How to track subscriptions & recurring bills
A practical guide to auditing your bank statements, finding forgotten recurring charges, and keeping on top of what you actually use.
1Download your last 90 days of transactions
Log into your bank or credit card app and export statements for the last three months. Most Australian banks (CommBank, NAB, ANZ, Westpac) let you download CSV or PDF from online banking. If you use multiple cards, grab all of them — small subscriptions often hide on cards you don't check often.

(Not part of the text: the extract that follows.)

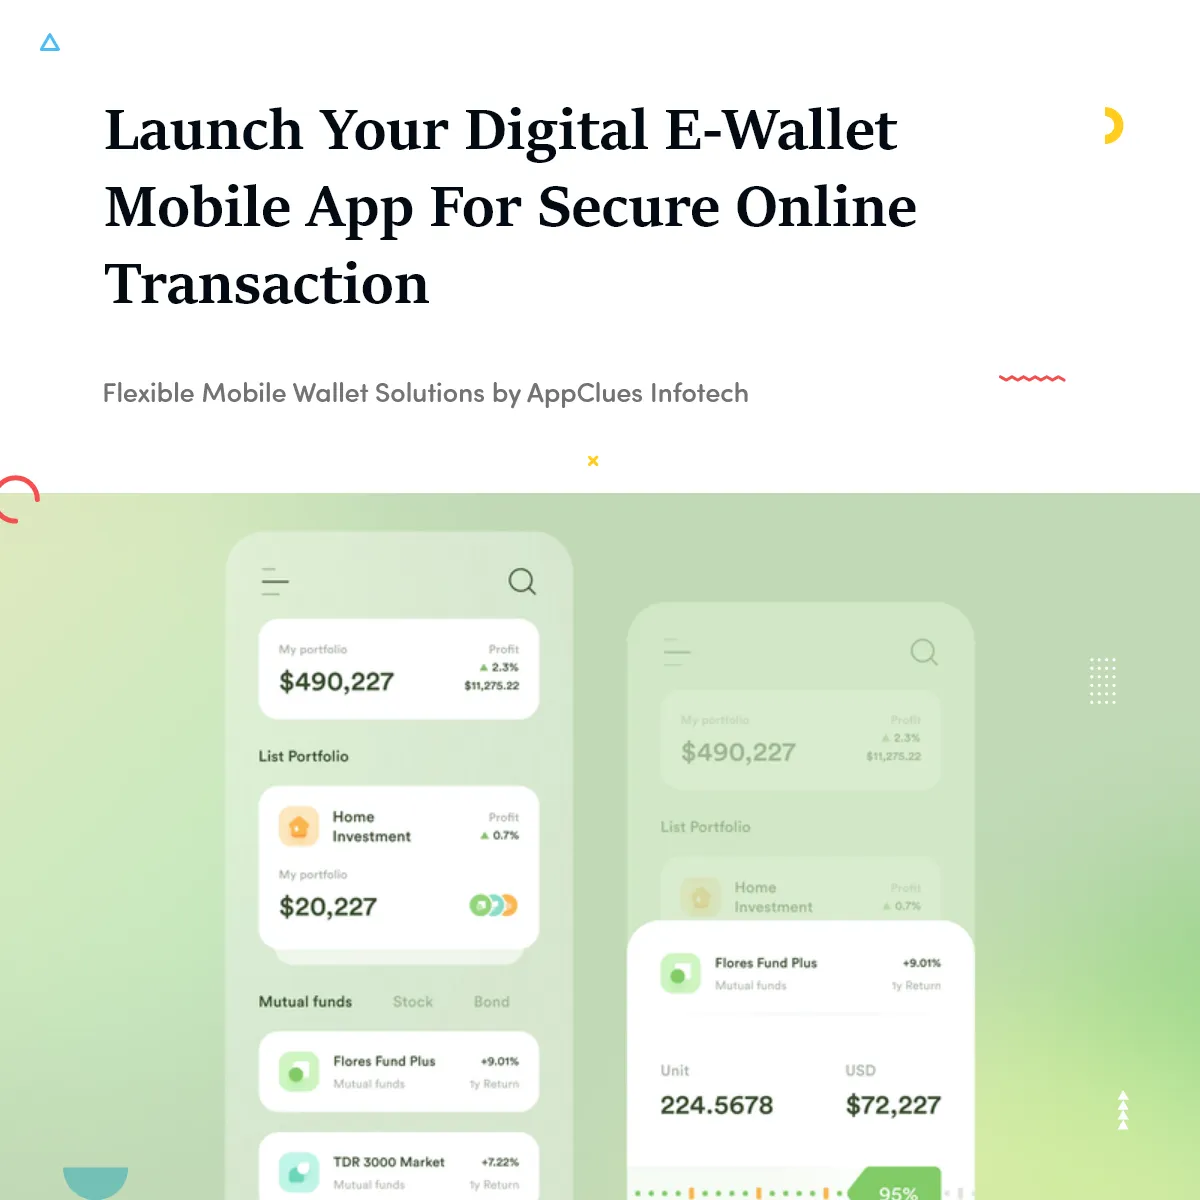 Make Digital E-Wallet Mobile App for Secure Online Transaction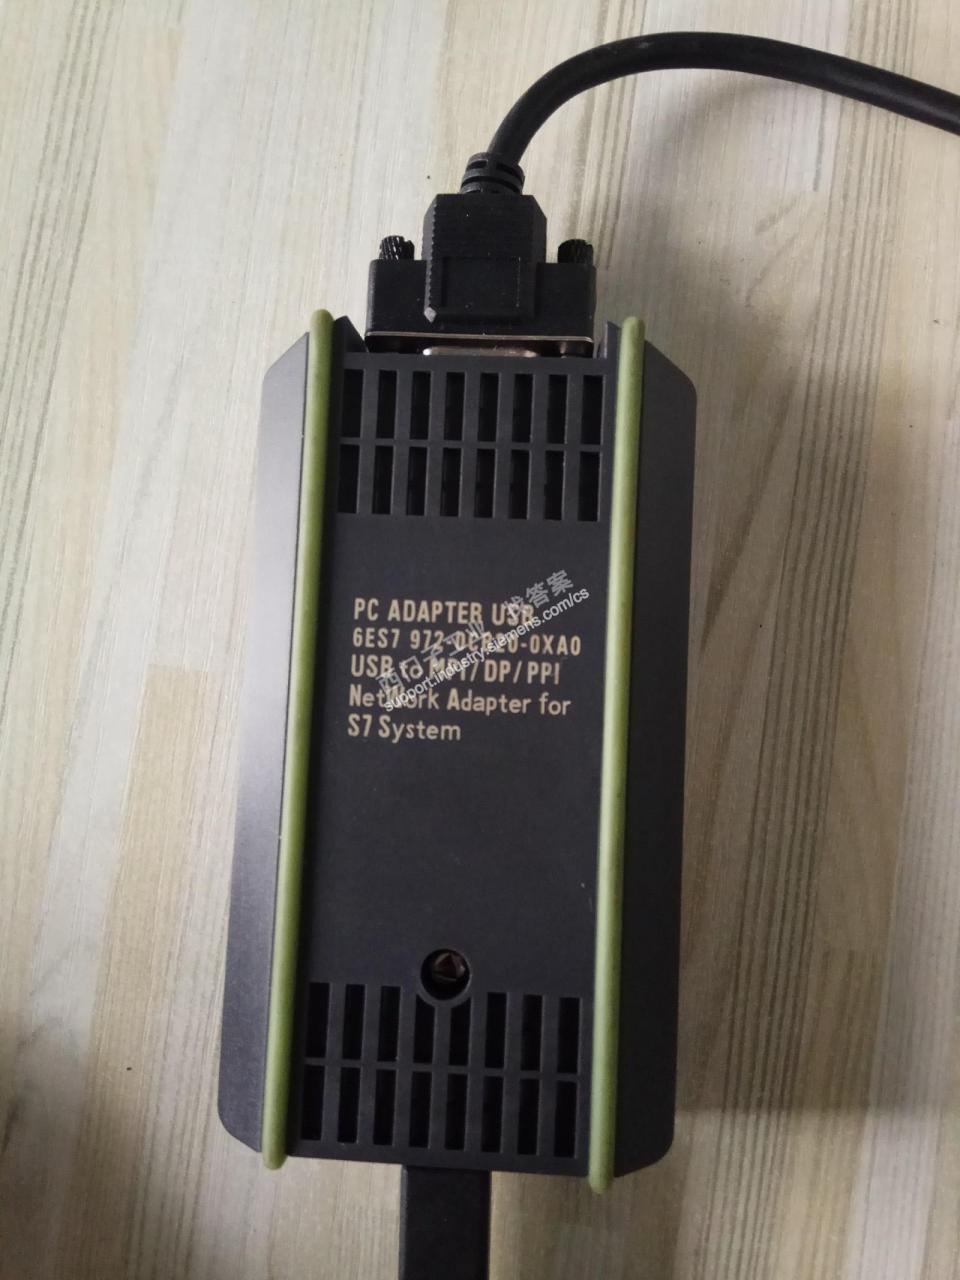 西门子810D系统，使用6ES7972-OCB20-OXAO电缆连接PC与X122时，通讯不上？

2Highlight every recurring charge
Go through each statement and mark charges that appear more than once with the same amount or merchant name. Common culprits include:
- Streaming services (Netflix, Spotify, Disney+, Binge, Stan)
- Cloud storage (iCloud, Google One, Dropbox, OneDrive)
- Software and productivity apps (Adobe, Notion, Canva, Figma)
- Gym memberships and fitness apps
- Insurance premiums (health, car, home, pet)
- News and magazine subscriptions
3Check for free trials that converted
Look for charges from services you only meant to try. These often have merchant names that differ from the app name — for example, a charge from "APPLE.COM/BILL" might be an app subscription you forgot about. Search unfamiliar merchant names online if you're not sure what they are.
Pro tip: use your phone's subscription list
On iPhone, go to Settings > [Your Name] > Subscriptions. On Android, open the Play Store, tap your profile, then Payments & subscriptions > Subscriptions. This shows app subscriptions that might not be obvious on your bank statement.
4List everything with billing dates and amounts
Create a simple list of every recurring charge, the date it bills each month or year, and how much it costs. This becomes your subscription tracker. A basic spreadsheet works, but a dedicated reminder app is better because it can alert you beforethe charge hits.
5Set reminders before each bill date
The key to never forgetting a subscription is getting nudged before it bills. Set reminders a few days out from each billing date. That gives you time to cancel or confirm you still want the service — instead of noticing the charge after it hits.
How Before It Bills helps
Before It Bills is built exactly for this. Add each subscription or bill with its renewal date, set how many days ahead you want to be reminded, and we'll nudge you by email. No more forgotten free trials, no more auto-renewals you meant to cancel.
Common subscription traps to watch for
Annual plans that auto-renew
You saved 20% by paying yearly, but forgot it renews next April.
Free trials with staggered end dates
You signed up for three trials on the same day, but they end on different days because of billing quirks.
Apps you cancelled but still bill
You deleted the app but never cancelled the subscription in your app store.
Price hikes you didn't notice
Your streaming service went from $12 to $18 but the email went to spam.